United States District Court, M.D. Tennessee, Nashville Division

February 14, 2017

ROBERT A. McDONALD, Secretary, Department of Veterans Affairs, Defendant.


          Aleta A. Trauger, Judge

         On November 9, 2016, the Magistrate Judge issued a Report and Recommendation (“R&R”) (Doc. No. 125), recommending that the defendant's Motion to Dismiss (Doc. No. 33) be granted and that judgment be entered in the defendant's favor. Now before the court is the plaintiff's Response to Judge Joe Brown's Report and Recommendation (Doc. No. 38), which the court construes as objections to the R&R. The defendant responded to the plaintiff's objections (Doc. No. 42), and the plaintiff filed a reply (Doc. No. 44). For the reasons discussed herein, the court will overrule the objections, accept the R&R, grant the Motion to Dismiss, and dismiss this action for lack of jurisdiction and failure to exhaust.

         I. Procedural Background

         Plaintiff Rebecca Manning instituted this suit on March 17, 2016 by filing two Civil Warrants in the General Sessions Court for Metropolitan Nashville and Davidson County, asserting claims of retaliation against defendants Sharon Armer Hill and Dreama Walker. (Doc. No. 1-2.) The United States removed the action to this court under 28 U.S.C. § 1442(a)(1), on the basis that the defendants are officers of the United States or an agency thereof acting under color of such office. (Doc. No. 1, at 1.) Shortly thereafter, the court granted the motion filed by the United States Attorney's Office, on behalf of the Department of Veterans Affairs (“VA”), to substitute VA Secretary Robert A. McDonald for the individual named defendants, under 42 U.S.C. § 2000e-16(c). (Doc. No. 8.)

         The plaintiff filed an Amended Complaint (Doc.
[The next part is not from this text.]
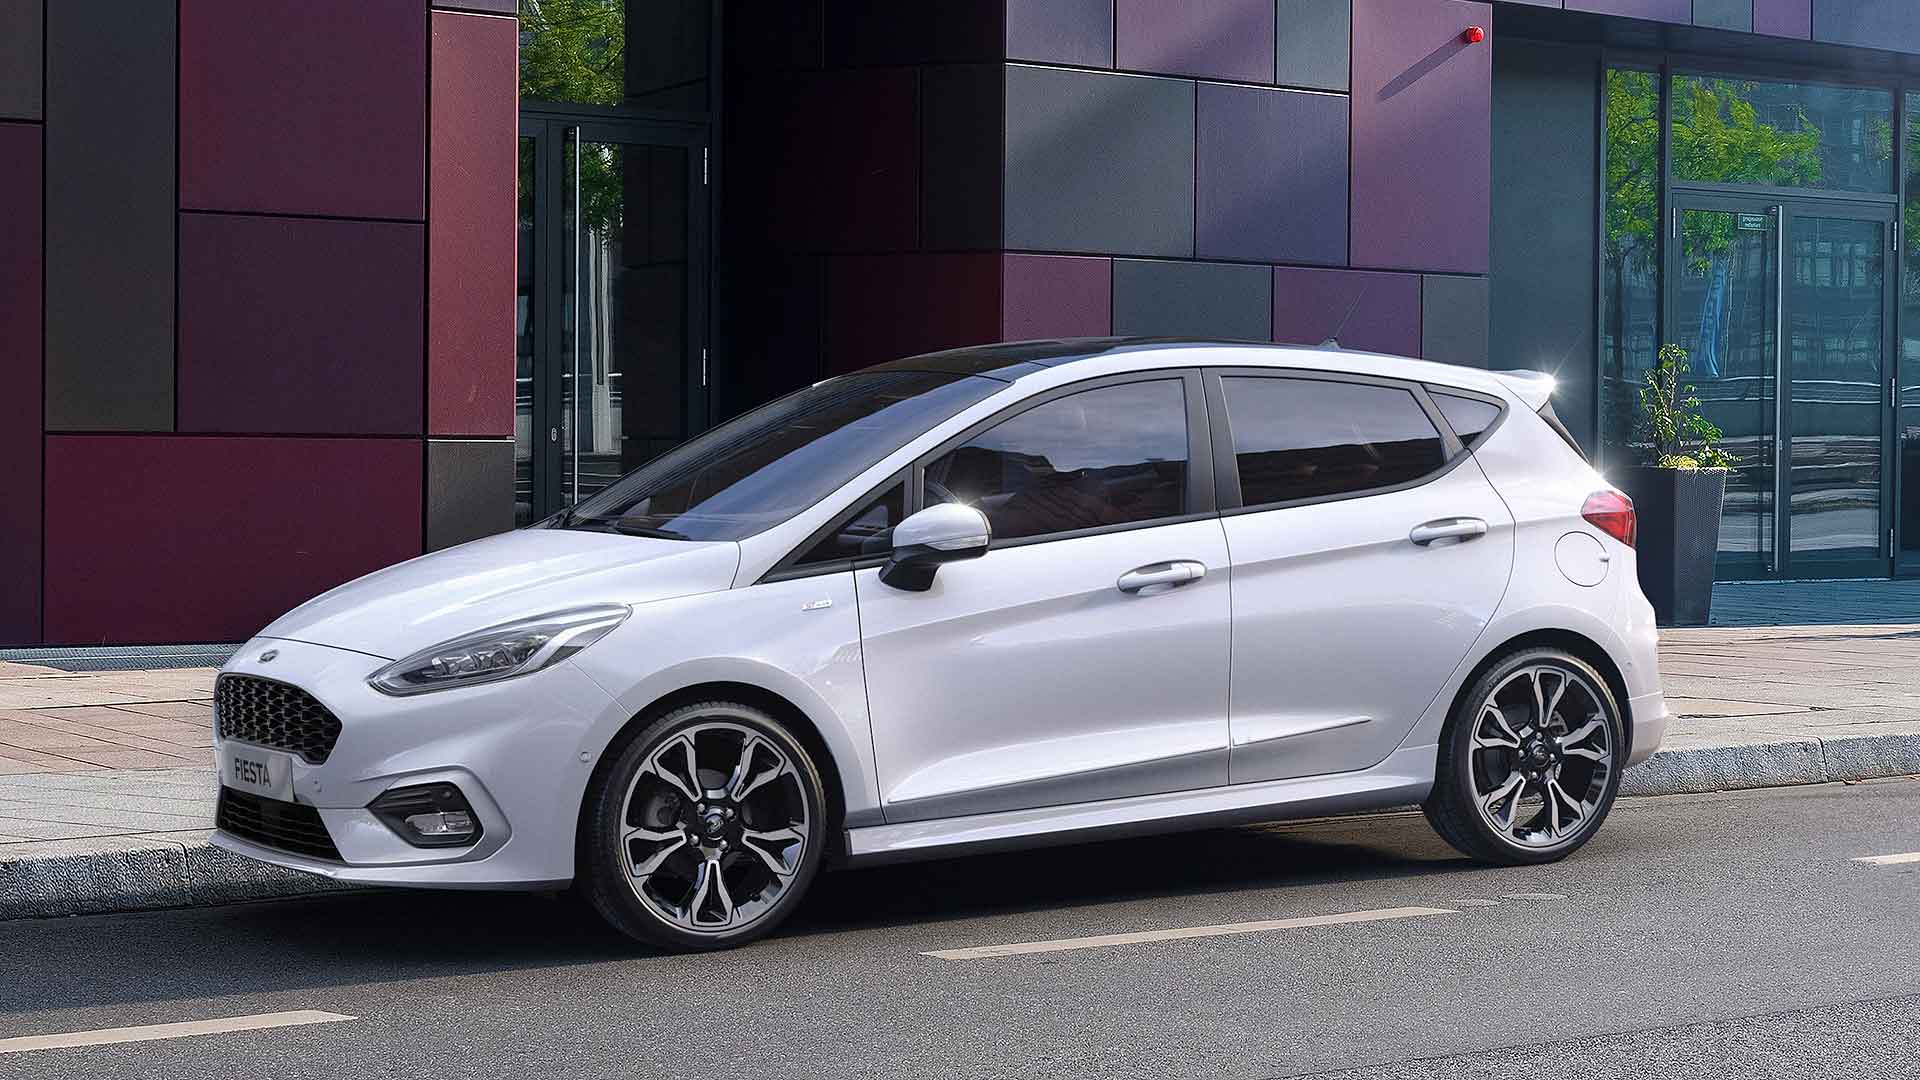 kruis Correlaat shit New Ford Fiesta mild hybrid version launched - Motoring Research

No. 18) in April 2016, naming McDonald as the defendant and alleging that she is a 62-year-old woman employed by the VA and that she has suffered (1) reprisal for whistleblowing in violation of 5 U.S.C. § 2302(b)(8)- (9); (2) age discrimination in violation of 29 U.S.C. § 623(d), and (3) “harassment.” (Doc. No. 18, at 4, 40-42.) The defendant responded by filing a Motion to Dismiss (Doc. No. 33). The plaintiff filed a Response in opposition (Doc. No. 36).

         The magistrate judge filed his R&R on November 9, 2016. (Doc. No. 37.) The R&R construes the Amended Complaint as asserting the three claims identified above: (1) reprisal for whistleblowing in violation of 5 U.S.C. § 2302(b)(8)-(9); (2) age discrimination in violation of 29 U.S.C. § 623(d) (which he construed as brought under 29 U.S.C. § 633a, which authorizes suit against the federal government by federal employees); and (3) “harassment.” (Doc. No. 37, at 3.) The magistrate judge liberally construed the “harassment” claim as a claim of retaliation, based on the plaintiff's alleged whistleblower conduct and complaints of age discrimination, and incorporated the discussion of this claim into his analysis of the first two claims.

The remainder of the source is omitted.